Страница 28 из 207
И, желая достойным образом выразить свой сердечный порыв, добрый король обнял Марию Антуанетту обеими руками и поцеловал ее.
— Как вас будут благословлять во Франции, мадам, — воскликнул он, — когда узнают о только что сказанных вами словах!
Королева вздохнула.
— Еще есть время, — с живостью сказал король. — Вздох сожаления!
— Нет, государь, вздох облегчения; закройте этот футляр и возвратите его ювелирам.
— Я уже распределил плату на несколько взносов; деньги готовы.

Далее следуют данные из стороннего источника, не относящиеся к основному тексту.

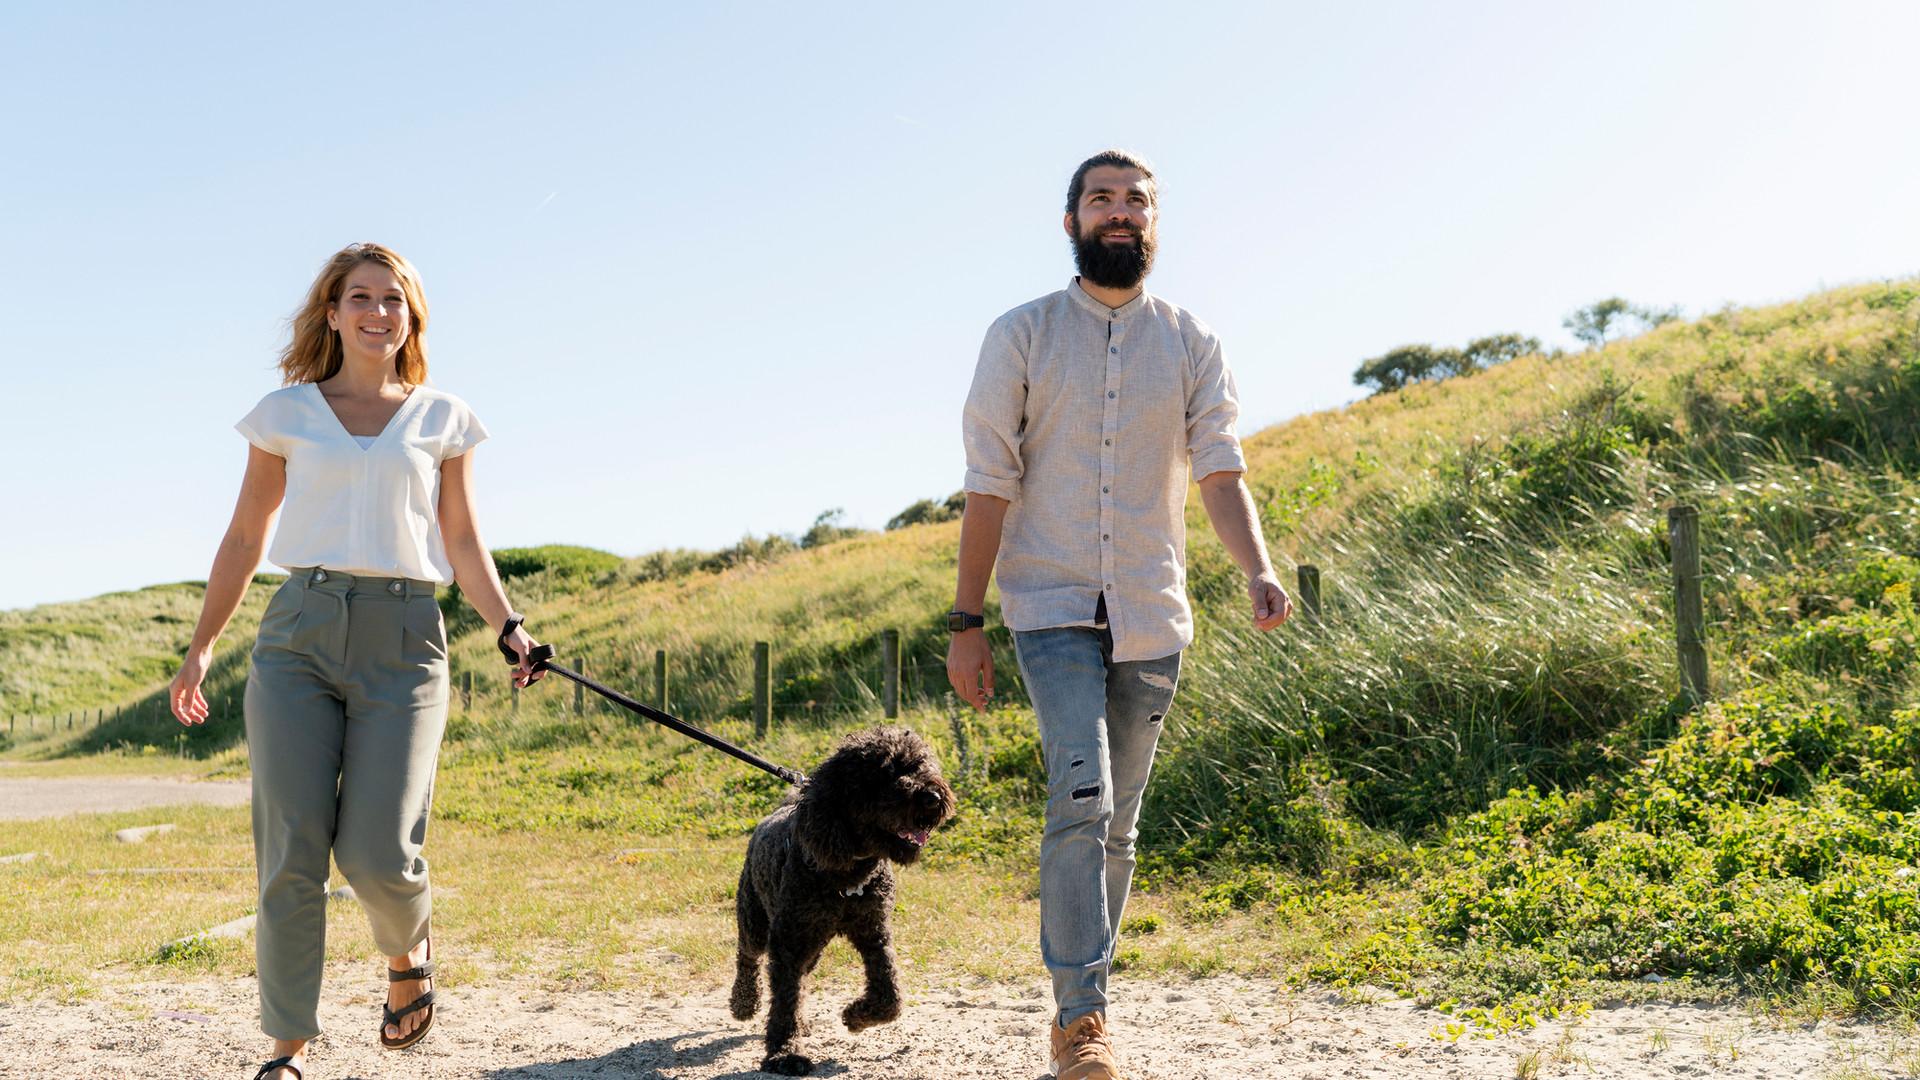 Promener le chien

Ну что мне с ними делать? Не будьте слишком бескорыстны, мадам.
— Нет, я все хорошо взвесила. Нет, решительно я не хочу этого ожерелья, но я хочу другого.
— Черт возьми! Вот и пропали мои миллион шестьсот тысяч ливров!
— Миллион шестьсот тысяч ливров? Видите! Неужели оно стоит так дорого?
— Да, мадам, раз уж я обмолвился, то не отрекаюсь от своих слов.
— Успокойтесь; то, что я прошу у вас, будет стоить дешевле.
— А что вы просите?
— Отпустить меня еще раз в Париж.
— Это очень легко и стоит вовсе не дорого.
— Погодите! Погодите!
— Черт возьми!
— В Париж, на Вандомскую площадь.
— А, черт возьми!
— К господину Месмеру.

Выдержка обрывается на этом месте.